▶ _Exercise_:
Transcribe everything in the listing as written, and let no image into the copy.

▶ _Collected data_:
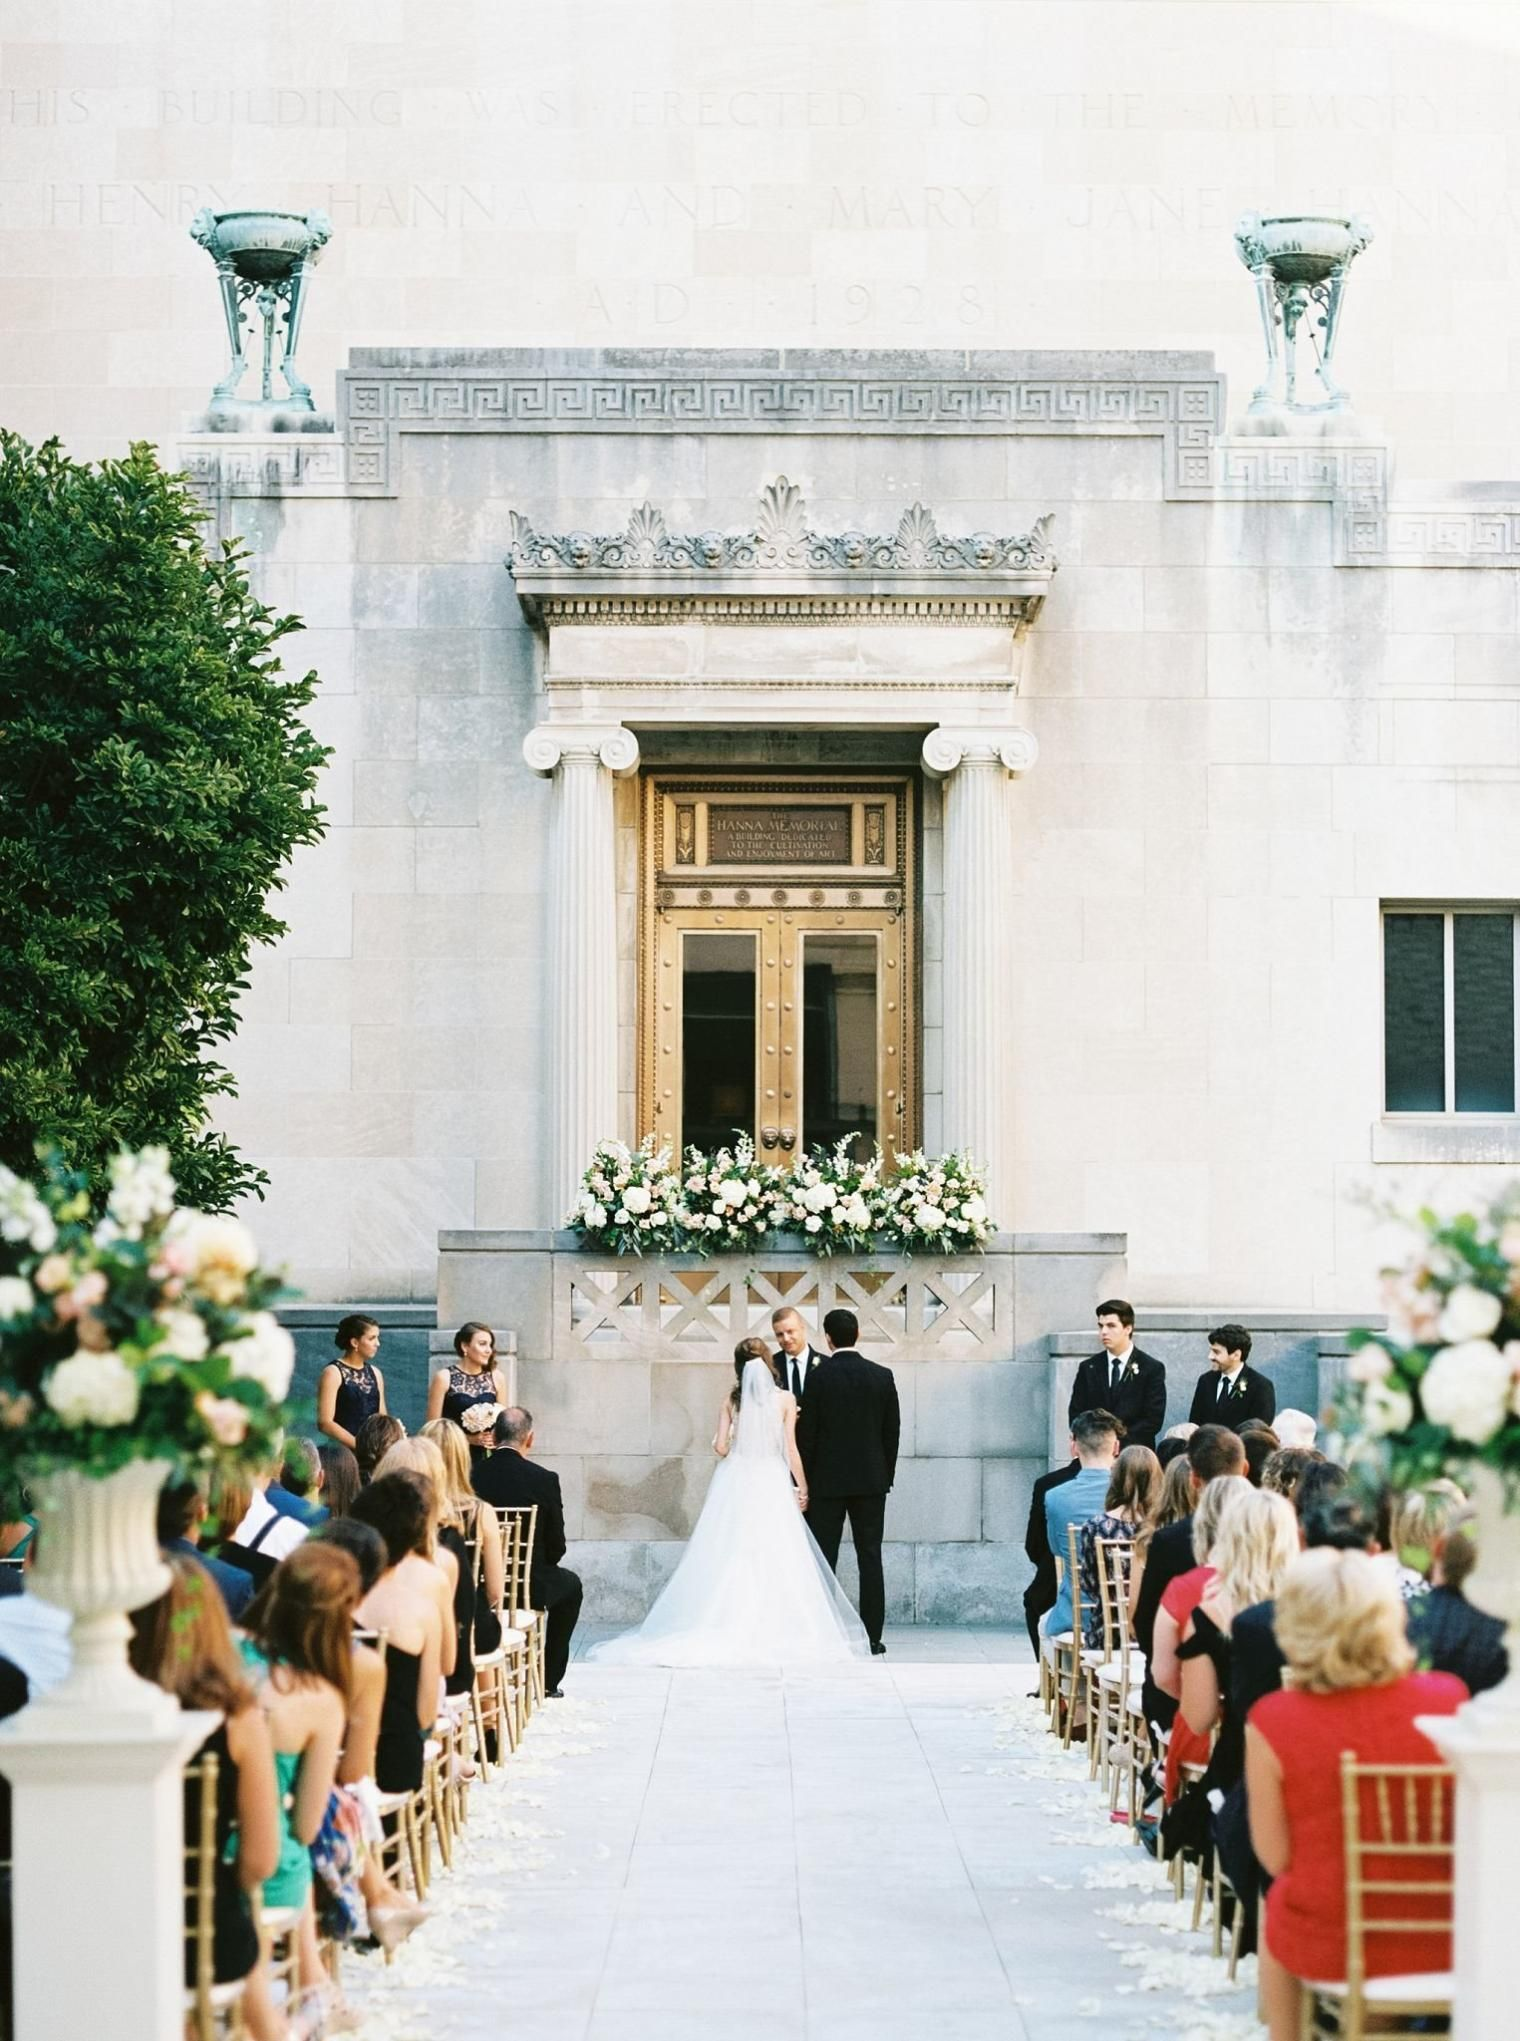 outdoor wedding venues in cleveland ohio
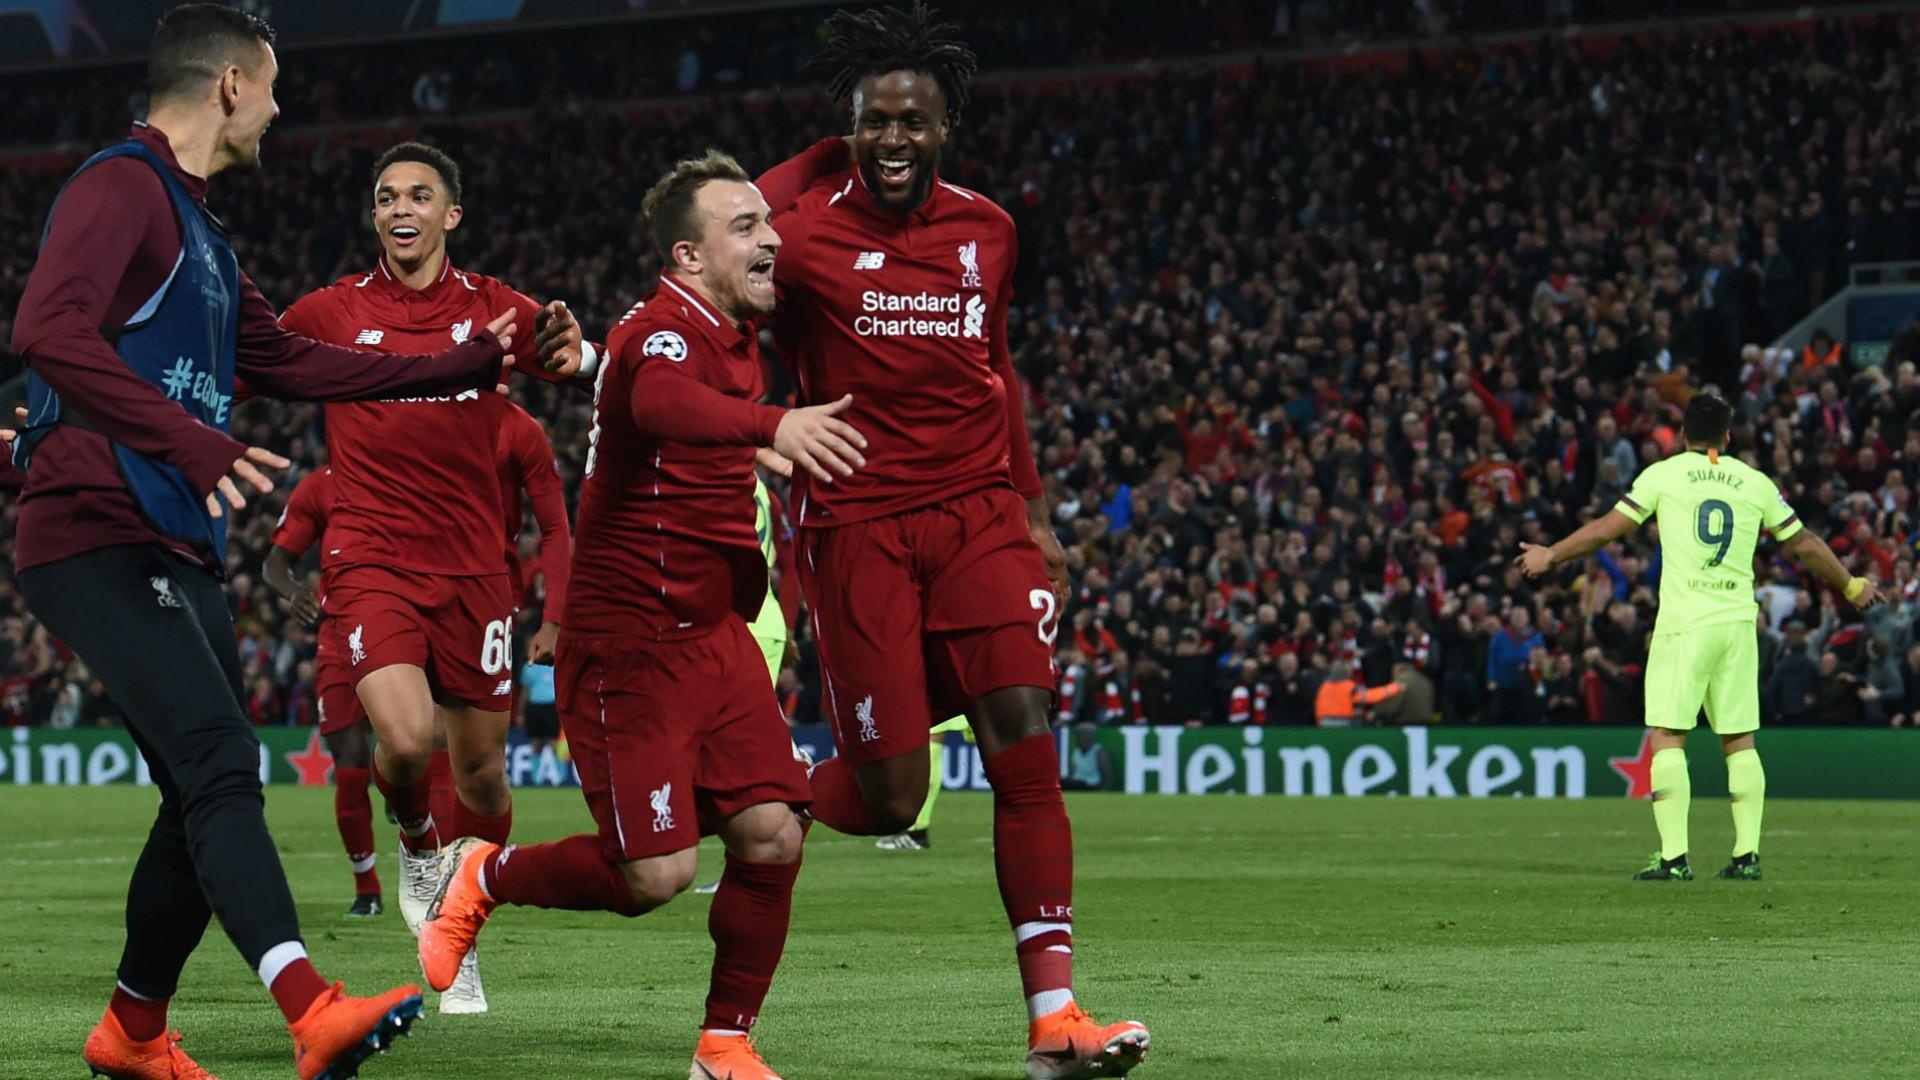 Xherdan Shaqiri Divock Origi Und Co Diese Spieler Sollen Den Fc Liverpool Wohl Verlassen Goal Com
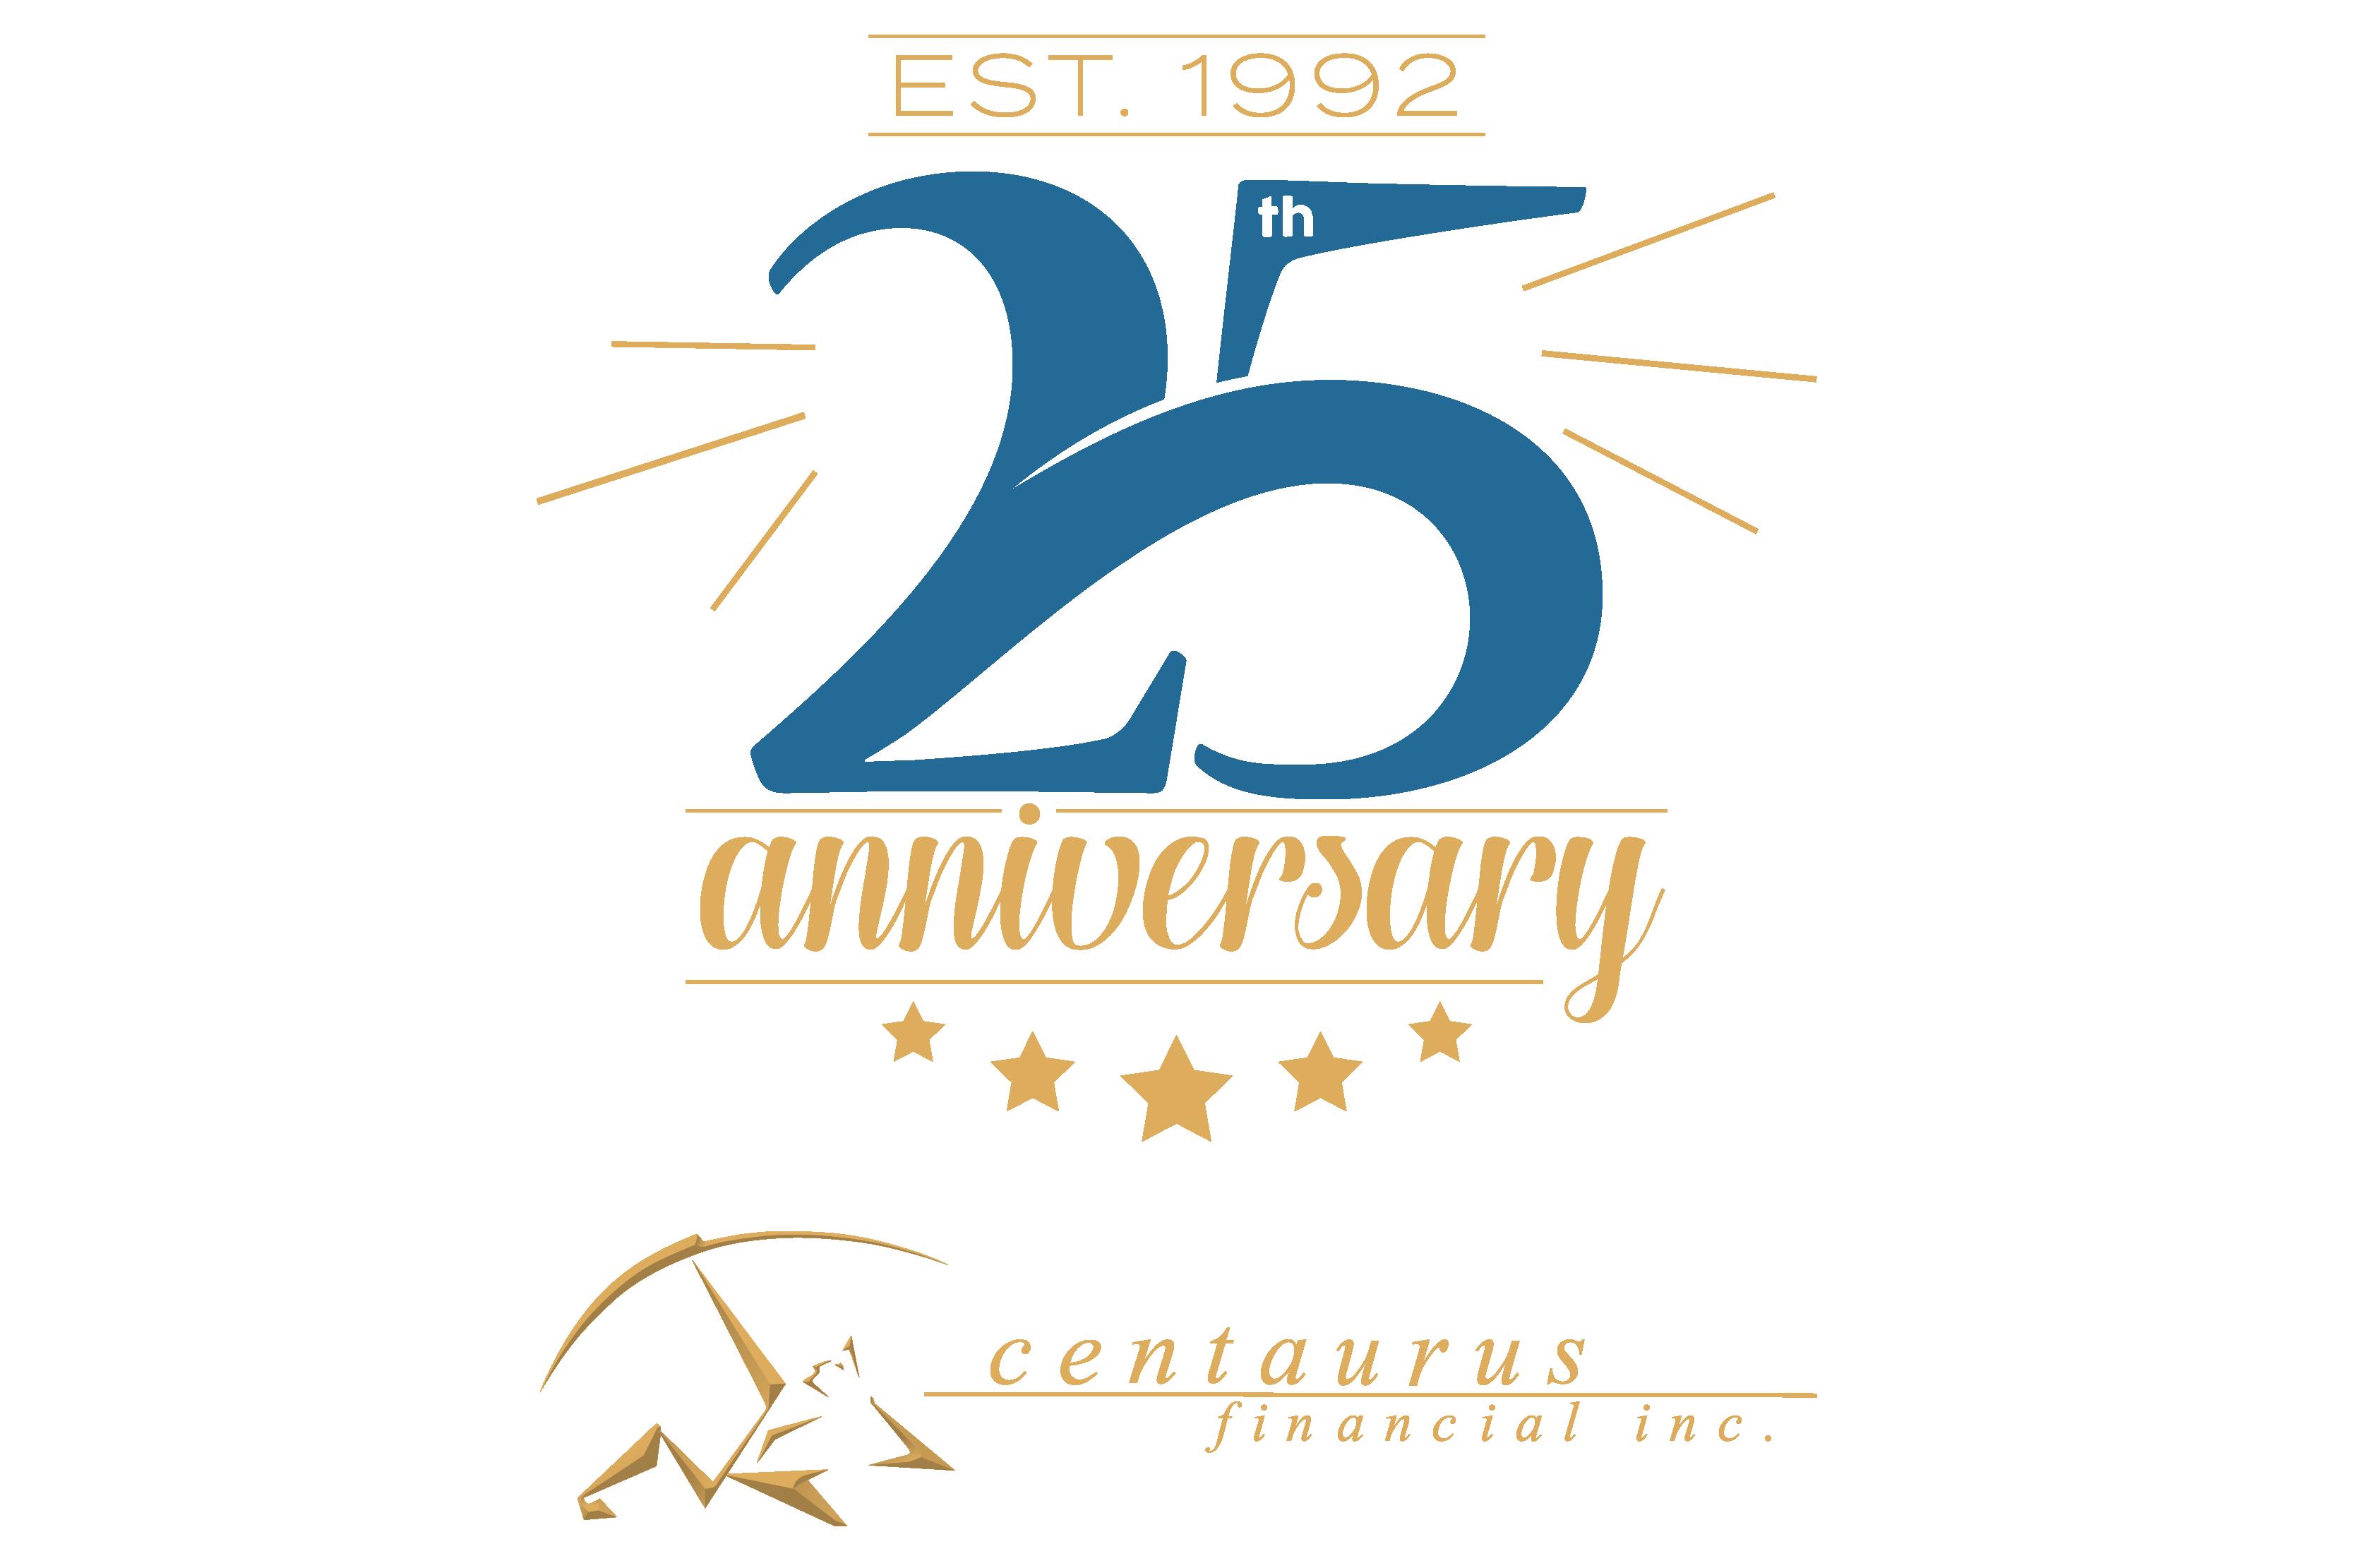 centaurus financial  inc celebrates 25th anniversary 25th Anniversary Logo Ideas Construction 25th Anniversary Company Logo

▶ _Task response_:
 outdoor wedding venues in cleveland ohio
 Xherdan Shaqiri Divock Origi Und Co Diese Spieler Sollen Den Fc Liverpool Wohl Verlassen Goal Com
 centaurus financial  inc celebrates 25th anniversary 25th Anniversary Logo Ideas Construction 25th Anniversary Company Logo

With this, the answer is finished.